DevOps Integration

Webhooks | Event-Driven Notifications

Zero-downtime assurance for modern DevOps. Connect StatusSentry to your internal infrastructure with reliable, secure HTTP callbacks.

Supported Event Types

StatusSentry triggers webhooks immediately when state changes occur. We batch rapid-fire events to prevent flooding your endpoints, ensuring at-least-once delivery with exponential backoff.

incident.created

Triggered the moment an incident is manually created or automatically detected by our synthetic monitors. Includes the initial severity level and affected components.

incident.resolved

Sent when an incident status transitions to 'Resolved'. Useful for automatically closing Jira tickets or clearing PagerDuty alerts linked to the outage.

monitor.status_change

Fires when a specific monitor changes state (e.g., `UP` to `DOWN`).

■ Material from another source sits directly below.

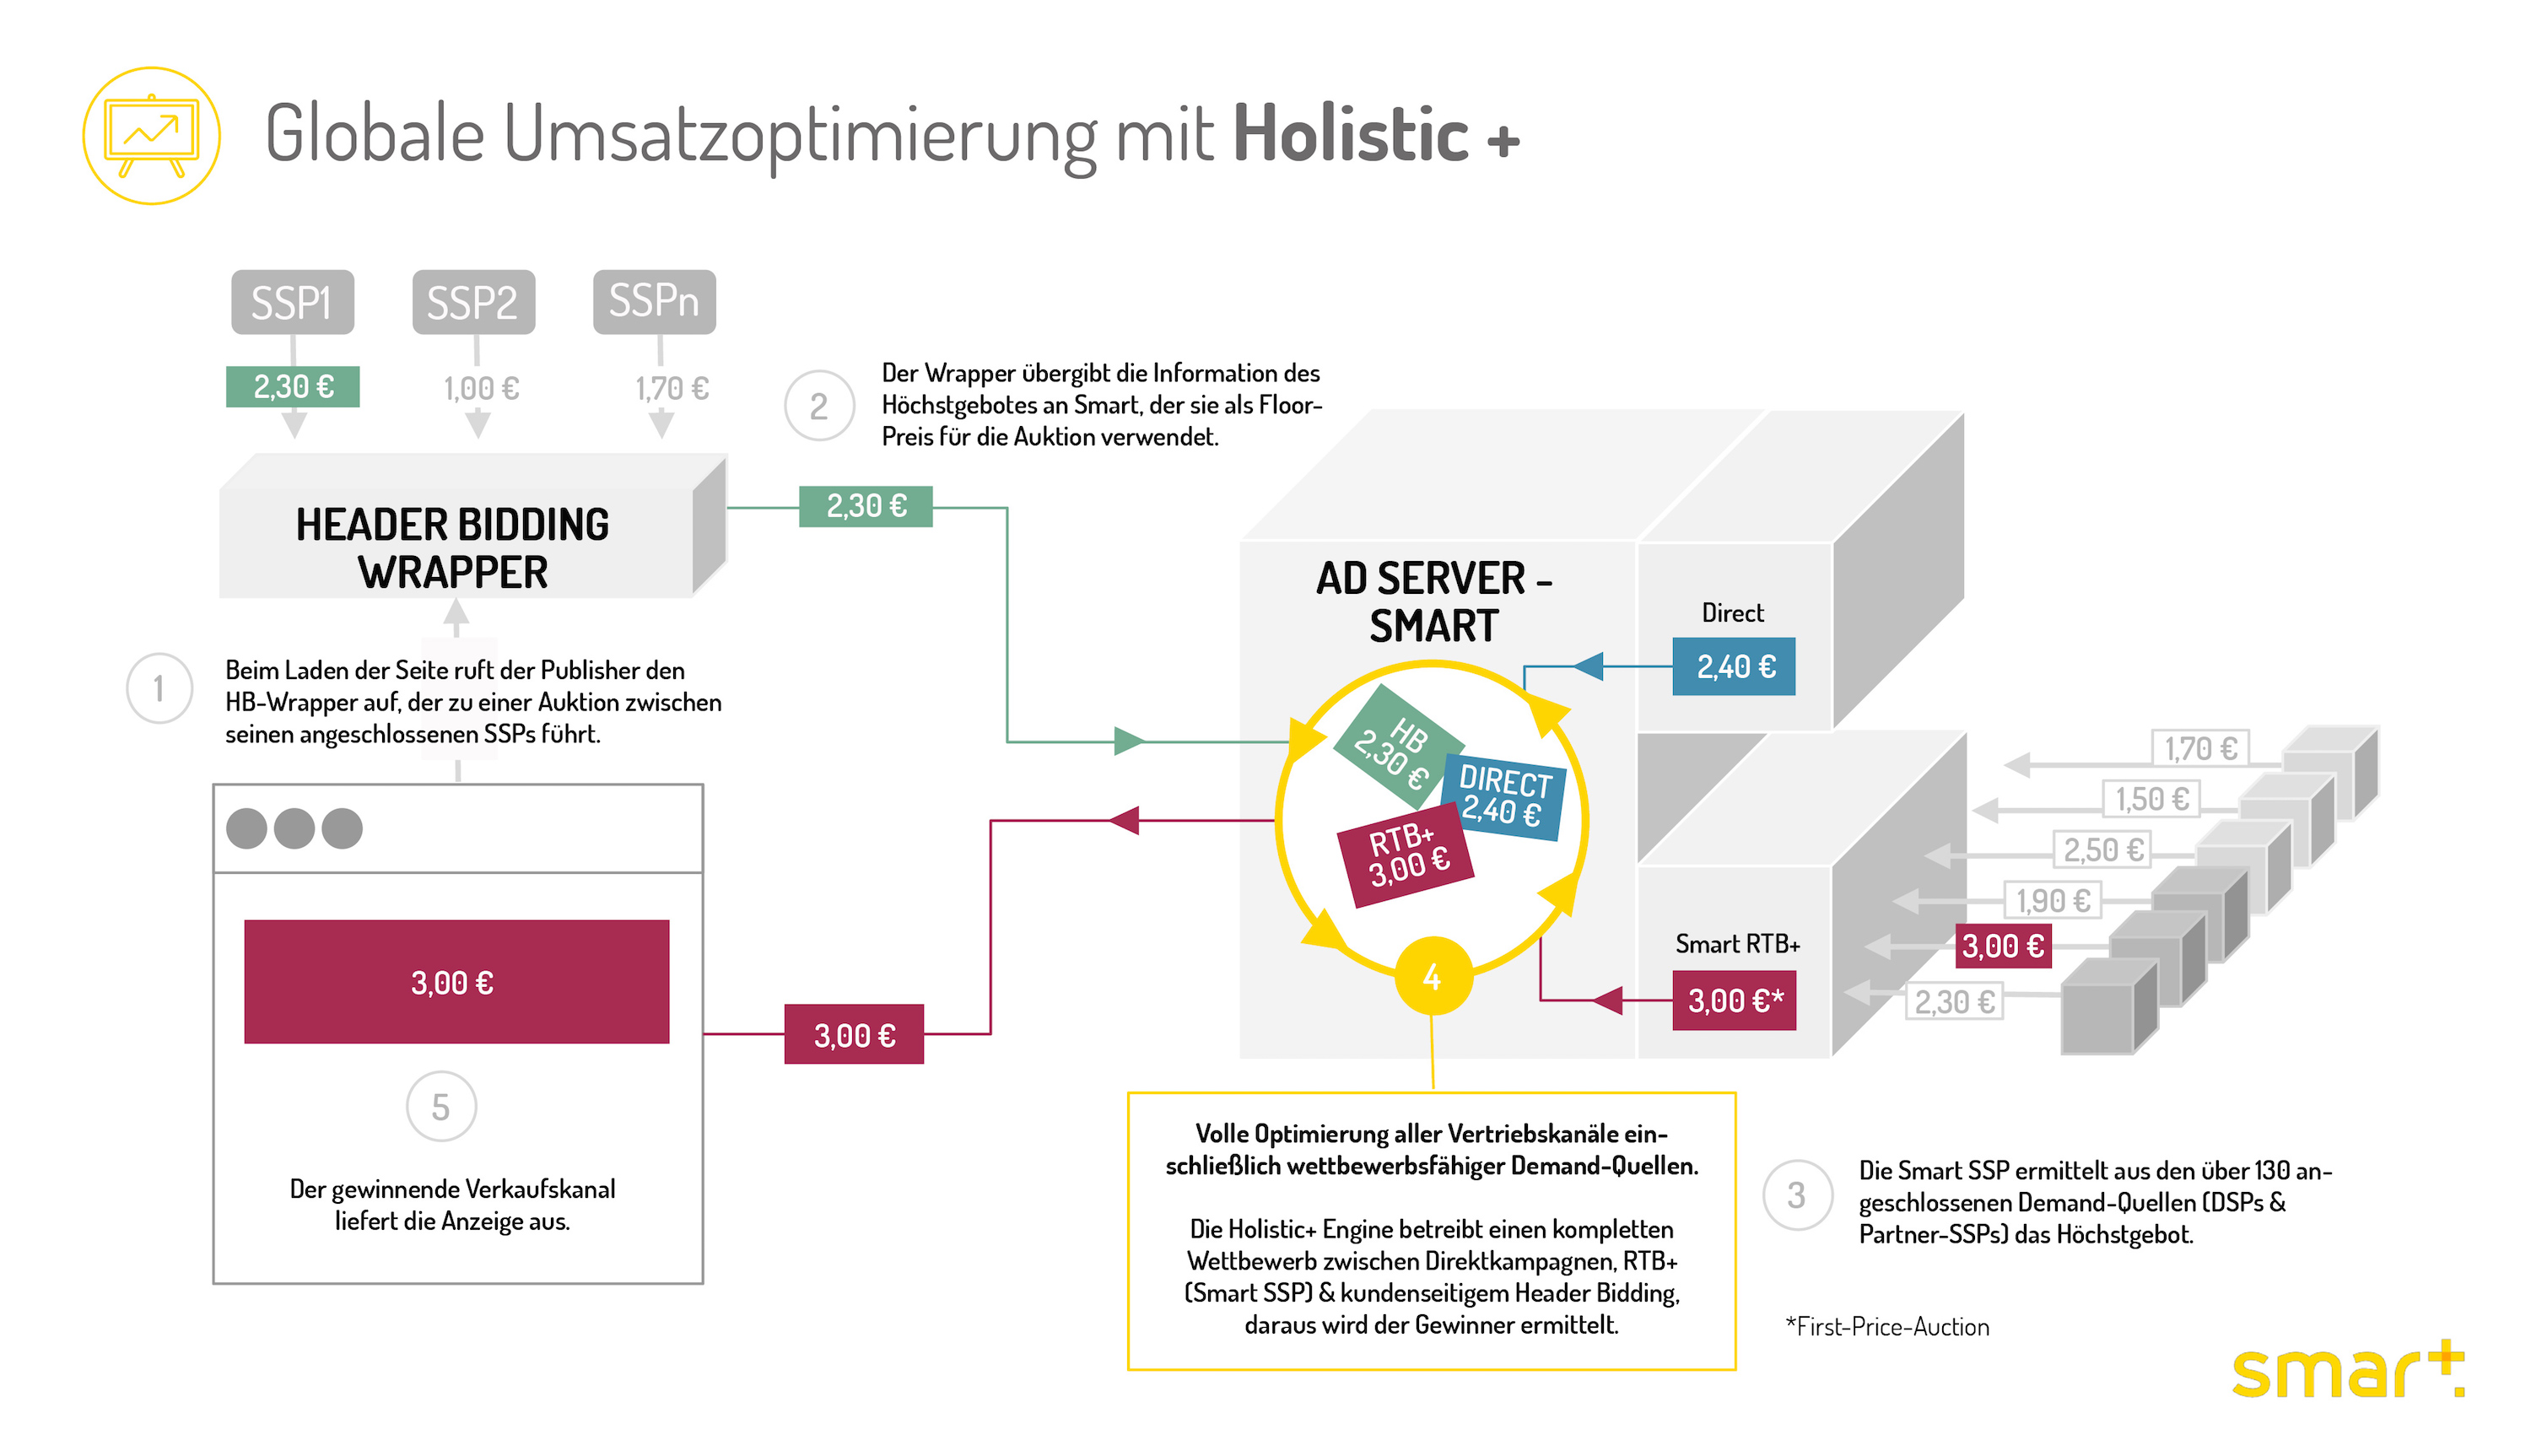 Smart launcht Holistic+ Lösung für Publisher

Contains the monitor ID, region, and response time metrics from the failed request.

sla.breach_warning

Proactive alert when current uptime trends indicate a potential SLA breach within the next 24 hours based on historical availability data.

Payload Structure

All webhook requests use the `POST` method with a `Content-Type` of `application/json`. The body contains a standardized envelope.

Example Request Body

Below is a sample payload for an `incident.created` event:

{
  "id": "evt_8a7b9c0d1e2f3g4h",
  "type": "incident.created",
  "created_at": "2023-10-27T14:30:00Z",
  "data": {
    "incident_id": "inc_987654321",
    "title": "High Latency in EU-West",
    "status": "investigating",
    "severity": "major",
    "components": [
      {
        "id": "comp_api_gateway",
        "name": "API Gateway",
        "status": "degraded_performance"
      }
    ]
  }
}

Security & Signature Verification

To ensure requests originate from StatusSentry, we sign every webhook using HMAC-SHA256. You must verify this signature before processing the payload.

1. Retrieve Your Secret

Navigate to Settings > Integrations > Webhooks in your dashboard. Generate a new signing secret (e.g., `whsec_4eC39HqLyjWDarjtT1zdp7dc`). Keep this string private.

2. Verify the Header

Check the `X-StatusSentry-Signature` header in the incoming request. It contains a timestamp and the computed signature.

3. Validate the Payload

Construct a string `timestamp + '.' + raw_body`. Compute the HMAC-SHA256 hash using your secret. Compare the result with the signature in the header. Reject requests that do not match.